For the limited needs of summer soldiers and sunshine patriots such as ourselves, the spoilage of the elements provides an embarrassment of riches. Storms, winds, insects, age, and competition for space and sun have culled the woodland.
After we layer up the fallen branch and twig kindling, our fires are a thing of a beauty and utility.
Deeper into the woods, older trees, some with thick trunks, have been brought down by the weather, the wet road-swamping hurricane of September, the occasional local near-tornado force micro-bursts, and the ordinary mortality of bugs and disease. Plenty of wood for the taking by those who rely on it for heat.
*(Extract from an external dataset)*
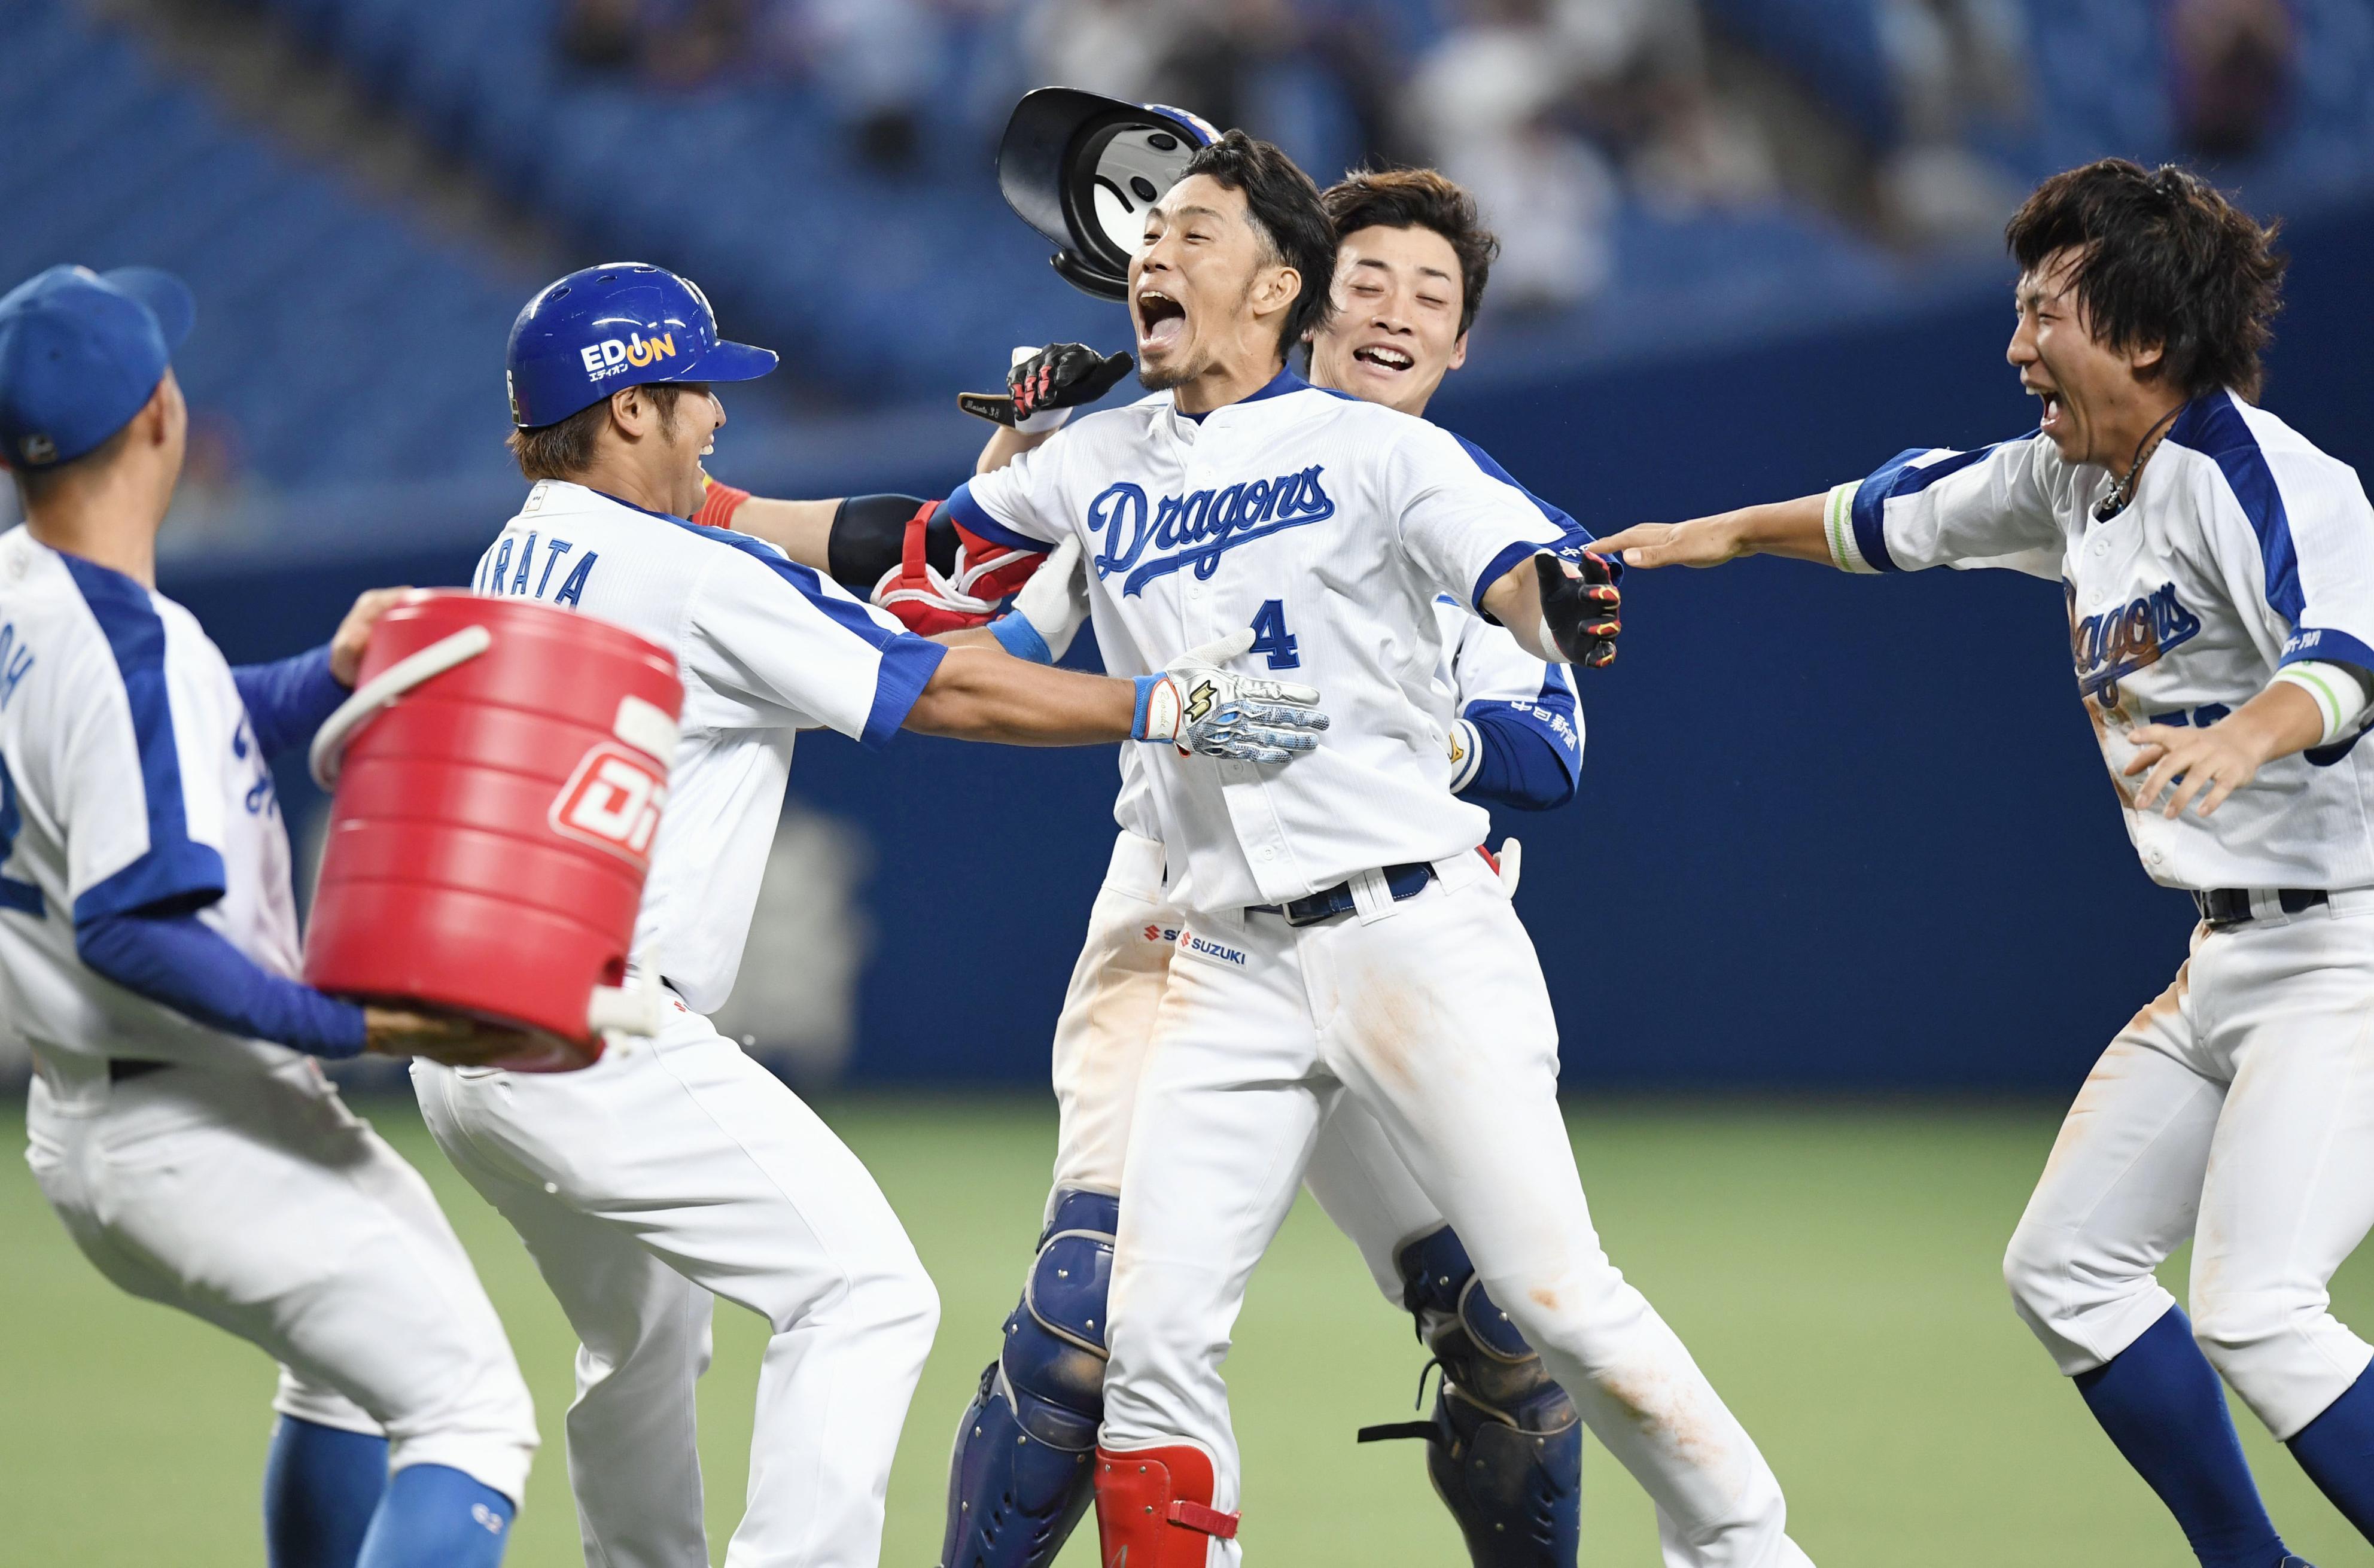 BASEBALL GATE              プロ野球            9回2死から劇的逆転劇!中日がサヨナラ勝ち!

We catch a rain storm on our first hike on the second weekend. But we dry out and warm up hot cider, mulled wine, and even a hot tottie, after mincing fresh ginger and adding other spices. The next day is sunny and we explore a new path, a stretch of the Appalachian Trail that leads to fresh views of hillsides and high valley wetlands, before circling the rest of Bear Lake on the border of Montgomery and Lenox.
On the final day we pay a return visit to Kennedy Park, then clean and close up the house. Sweeping leaves off the deck and wiping down the outdoor furniture, I pile the chairs up on top of one another in a vain attempt to reach the leafy canopy above. It’s a tribute to the trees.